From the document profile, a Profile Confidence (PC) is calculated at step 210 using the 
formula described in the first embodiment step 122. 



[0021] With the Profile Confidence calculated, the text fields of the document 
image are located at step 212 according to the document type and each Field 
Confidence (FC) is initialized to the Profile Confidence. The text fields are different for 
each document type. For example, text fields in a check include a payee name, legal 
amount, courtesy amount, date, and signature, while a deposit slip text fields include 
legal amount, courtesy amount, date, and signature.
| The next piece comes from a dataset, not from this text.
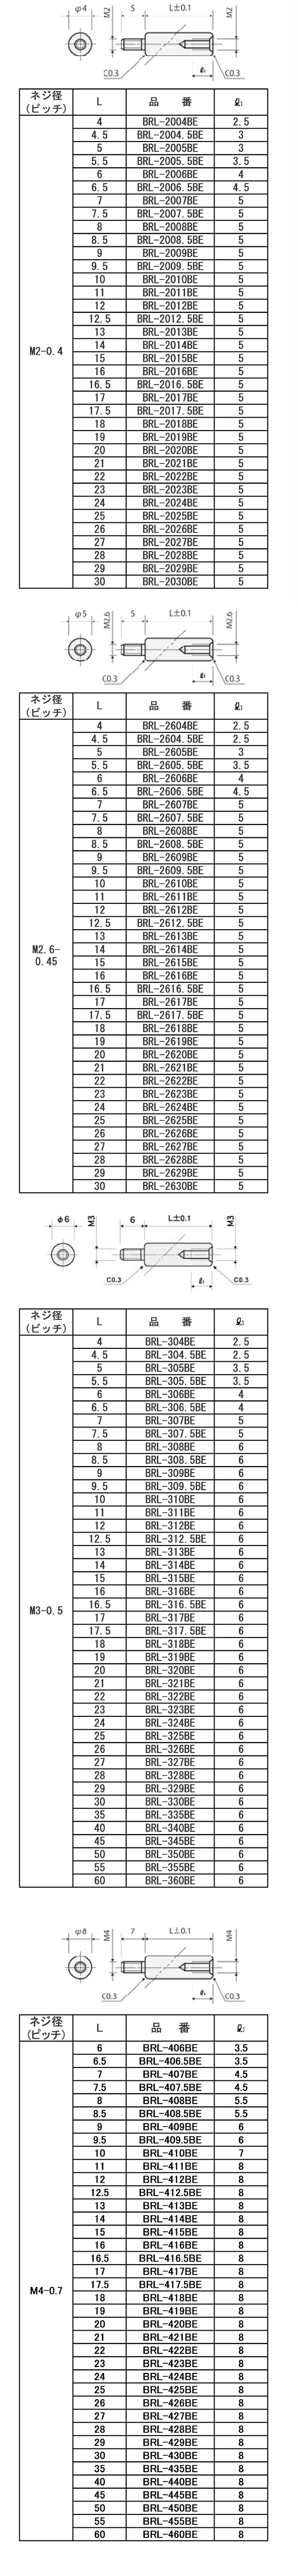 鉛レス快削アルミ(黒アルマイト) 丸型スペーサー オス・メスねじ BRL-BE(ネジ径x長さ) 製品規格

For each document text field, the 
field characters are located at step 214 and the Field Confidence is altered based on 
the mass of each character within the field. The Field Confidence level (FC) is updated 
at step 216 for each character mass (CM) confidence level according to the following: 



MinCM = constant 

FC = Profile Confidence 

For each character 

CM = number of black pixels in the character 
if CM<=MinCM then 

FC = FC (unchanged) 
if CM>MinCM and CM<=2*MinCM then 

FC = FC * (1 .0 - (CM-MinCM) /MinCM) 
if CM >2*MinCM then 
FC = 0 

Next character 

For each character between the minimum character mass (MinCM) and twice the 
minimum character mass (2*MinCM), the Field Confidence (FC) is reduced by the 
percentage that the character mass is greater than the minimum character mass. If any 
character is more than twice the minimum character mass, the Field Confidence FC is 
zero.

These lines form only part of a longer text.